Основаниями к задержанию подозреваемого согласно ст. 32 Основ, ст. 122 УПК РСФСР являются фактические данные о том, что: лицо застигнуто при совершении преступления или непосредственно после его совершения; очевидцы, в том числе и потерпевшие, прямо указывают на данное лицо как на совершившее преступление; на подозреваемом или на его одежде, при нем или в его жилище обнаружены явные следы преступления. При наличии иных данных, дающих основания подозревать лицо в совершении преступления, оно может быть задержано лишь в том случае, если это лицо покушалось на побег или когда оно не имеет постоянного места жительства, или когда не установлена личность подозреваемого. Перечень этих оснований является исчерпывающим и расширительному толкованию не подлежит.

Порядок производства кратковременного задержания, правовой режим содержания задержанных, наряду с уголовно-процессуальным законодательством, регламентируются, как отмечалось, еще и специальными актами[208]. Институт кратковременного задержания лица, подозреваемого в совершении преступления, имеет довольно широкое распространение. По нашим данным, подобного рода задержание производится почти по 62 % уголовных дел. При этом до 24 % к общему числу задержаний производится по делам о хулиганстве; до 20 – о злостном нарушении правил административного надзора и бродяжничестве; до 22 – о кражах, грабежах и разбоях (со значительным преобладанием здесь в качестве предмета хищения личного имущества); около 23 % задержаний произведено по делам о преступлениях против жизни, здоровья и достоинства личности (ст. 103, 108, 109, 117, 122 УК РСФСР); остальные задержания осуществлялись по иным категориям уголовных дел.

Как видим, кратковременное задержание производится в основном в случае совершения преступлений, представляющих значительную распространенность и повышенную опасность, а также когда оставление лица на свободе связано с возможностью его ненадлежащего поведения. В большинстве своем такое задержание осуществляется работниками органов внутренних дел. Так, в 1977 г. на их долю пришлось 83,3 % от общего числа задержаний.

Из числа названных в ст. 32 Основ (ст. 122 УПК РСФСР) оснований преобладают первые два (когда подозреваемое в совершении преступления лицо застигнуто при совершении преступления или непосредственно после его совершения и когда очевидцы, в том числе и потерпевшие, прямо укажут на данное лицо как на совершившее преступление), составившие, по результатам наших исследований, соответственно 29,5 и 32 %. Около 4 % приходится на третье основание. В основном это случаи, когда в результате производства какого-либо следственного действия (например, освидетельствования, обыска и т. д.) обнаруживаются следы преступления или разыскиваемые объекты.

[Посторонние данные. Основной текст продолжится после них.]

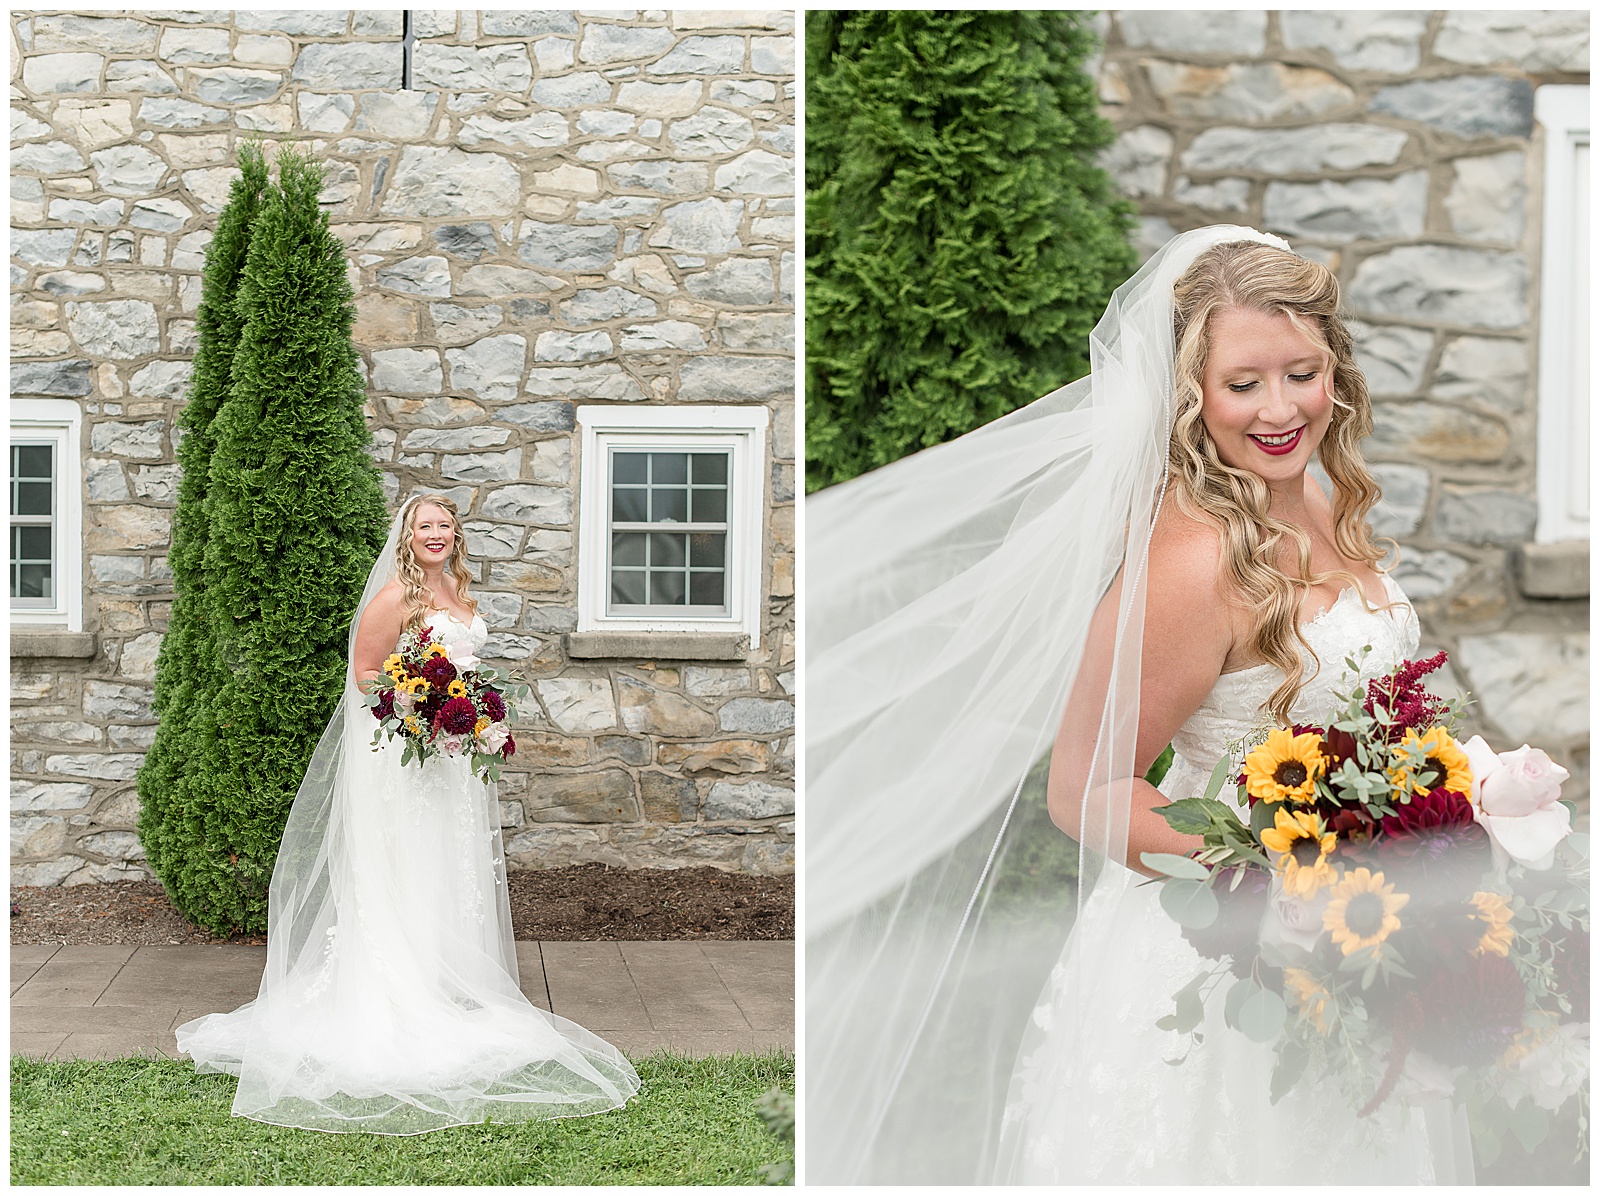 bride holding fall bouquet with sunflowers in it by stone wall as her long veil blows behind her

По этому основанию, например, был задержан гр-н Д., в домовладении которого в результате произведенного обыска были обнаружены похищенные из помещения средней школы № 14 г. Казани проигрыватель «Аккорд», усилитель от киносети «Украина» и телефонный аппарат; всего на сумму 167 рублей.

Весьма редко производится задержание по основаниям, предусмотренным в части 2 ст. 122 УПК РСФСР. По нашим данным, задержания по этим основаниям составили всего лишь 1,4 %. В остальных случаях основания к задержанию установить не представилось возможным ввиду отсутствия указаний на них в протоколах задержаний и в материалах уголовного дела.

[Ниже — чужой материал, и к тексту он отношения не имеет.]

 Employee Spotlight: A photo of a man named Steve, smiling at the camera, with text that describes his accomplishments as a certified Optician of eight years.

Сказанное свидетельствует о том, что некоторые должностные лица органов внутренних дел и прокуратуры не выполняют требований закона об указании в протоколе оснований задержания. Такие протоколы, например Вахитовского РОВД г. Казани в 1977 г., составили около 22 %.

Положение усугубляется еще и тем, что в ряде протоколов нет указаний и на мотивы задержания. Последние есть не что иное, как те побуждения органа дознания или следователя, которые обусловливают необходимость производства задержания лица, подозреваемого в совершении преступления. Ныне непосредственно в бланке протокола задержания перечислены наиболее характерные мотивы задержания, а именно: пресечение преступлений; предупреждение возможности скрыться от следствия и суда, обеспечить исполнение приговора; лишение возможности помешать установлению истины по уголовному делу. Конечно, вполне возможно задержание лица, подозреваемого в совершении преступления, например, по мотивам обеспечения его личной безопасности от возможной расправы со стороны потерпевших, их родственников и иных лиц и др. Но в силу исключительности подобных случаев они в бланке протокола задержания не указаны. Тем не менее еще нередки случаи, когда в качестве мотивов задержания в протоколах указывается: «за хулиганство», «за нанесение ножевого ранения», «за тунеядство» и т. д.

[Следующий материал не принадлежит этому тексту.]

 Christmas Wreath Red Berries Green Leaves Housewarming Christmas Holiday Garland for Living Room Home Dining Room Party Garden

Особого внимания заслуживают факты, когда из протокола совершенно не ясно, за что же лицо задержано. Так, в протоколе задержания гр-на Г., составленного 4 октября 1977 г. одним из сотрудников Вахитовского РОВД г. Казани, отсутствуют указания на основания задержания и квалификацию совершенного преступления, а в качестве его мотивов отмечено – «может скрыться». Таких протоколов к общему числу их составляют около 9 %[209]. В отдельных протоколах задержания отсутствуют указания на время производства задержания (часы и минуты); не отражаются в них зачастую и объяснения задержанных по поводу их задержания.

Законом весьма четко решен вопрос о сроках задержания. Согласно ч. 3 ст. 32 Основ (ч. 3 ст. 122 УПК РСФСР) о произведенном задержании в течение 24 часов должно быть сообщено прокурору, который в свою очередь в течение 48 часов с момента получения извещения (уведомления) обязан дать санкцию на заключение под стражу либо освободить задержанного[210]. По советскому уголовно-процессуальному законодательству возможность какого-либо продления указанного срока не предусматривается.

Таким образом, при всех условиях максимальный срок пребывания лица в положении задержанного не может превышать 72 часов[211]. В связи с этим приобретает важное значение правильное уяснение порядка исчисления срока. Относительно этого в процессуальной литературе можно встретиться с различного рода суждениями: от исчисления начального срока задержания с момента доставления подозреваемого в орган дознания или предварительного следствия[212] и даже с момента фактического задержания (в смысле лишения лица свободы передвижения по своему усмотрению)[213] до исчисления такого срока с момента составления протокола задержания[214], водворения задержанного в специальное помещение для дальнейшего содержания[215]. Ныне этот вопрос получил свое четкое разрешение. В ст. 3 Положения о порядке кратковременного задержания лиц, подозреваемых в совершении преступления, указывается, что срок такого задержания исчисляется с момента доставления лица, подозреваемого в совершении преступления, в орган дознания или к следователю, а если задержание производится на основании специально вынесенного постановления, то с момента фактического задержания такого лица. Именно данное время и должно указываться в протоколе задержания.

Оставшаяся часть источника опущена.